Robert Nicholson 2012-08-19, 16:46
Michael Segel 2012-08-19, 21:49
Lance Norskog 2012-08-20, 00:43
Russell Jurney 2012-08-20, 01:31
Lance Norskog 2012-08-20, 01:57
Ted Dunning 2012-08-20, 02:13
Russell Jurney 2012-08-19, 17:27
To add to Russell's answer:
If real-time processing of events is required, you might want to use a
stream-processing system like Apache S4 or Twitter's Storm.
On Sun, Aug 19, 2012 at 10:27 AM, Russell Jurney
> The model with Hadoop would be to aggregate and write your events to
> The Hadoop Distributed FileSystem, and then process them with
> scheduled batch jobs via Hadoop MapReduce. If your requirements can
> include some latency - then Hadoop can work for you. Depending on your
> processing, you can schedule jobs down to say... every hour, half hour
> or fifteen minutes? I'm not aware or anyone scheduling jobs more
> frequently than that, but they may be. Chime in if you are.

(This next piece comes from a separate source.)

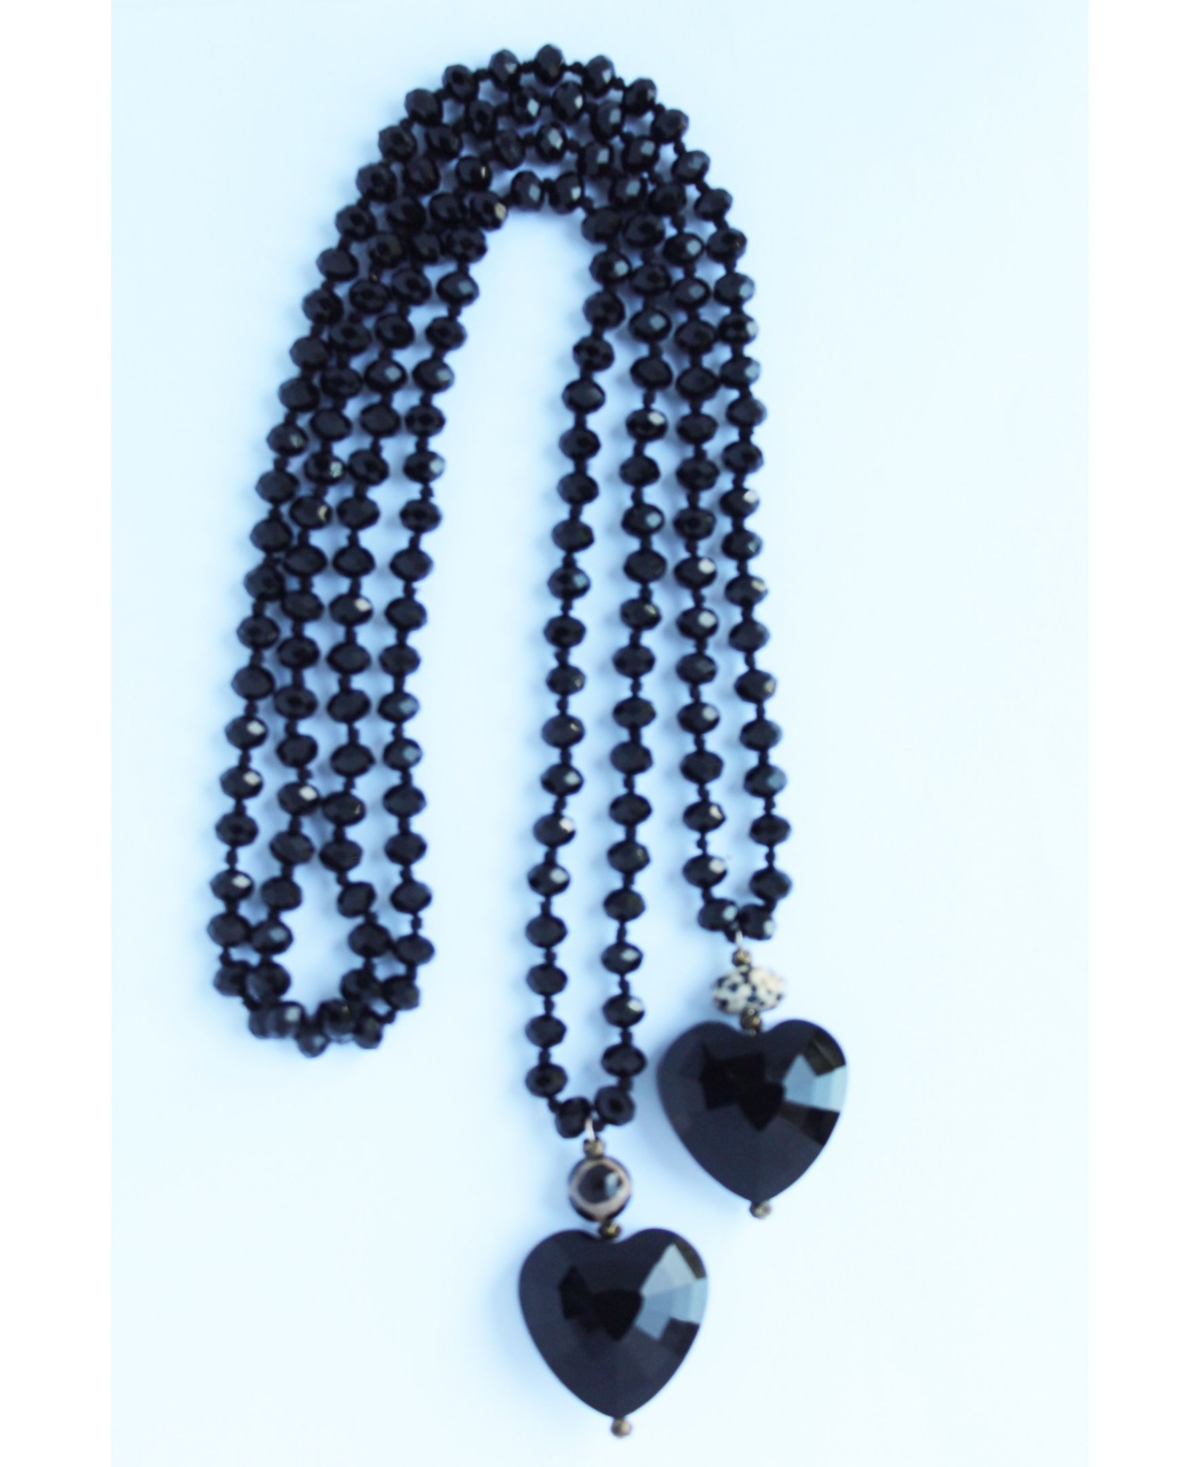 Cece Heart Necklace - Black

> For getting events to HDFS, look at Flume, Kafka and Scribe. For
> processing events, look at Pig, HIVE and Cascading. For scheduling
> jobs look at Oozie and Azkaban.
> Russell Jurney http://datasyndrome.com
> On Aug 19, 2012, at 9:47 AM, Robert Nicholson
> <[EMAIL PROTECTED]> wrote:
> > We have an application or a series of applications that listen to
> incoming feeds they then distribute this data in XML form to a number of
> queues. Another set of processes listen to these queues and process the
> messages. Order of processing is important in so far as related messages
> need to be processed in sequence hence today all related messages go to the
> same queue and are processed by the same queue consumer.
> > The idea would be replace the use of MQ with some kind of reliable
> distributed dispatch. Does Hadoop provide that?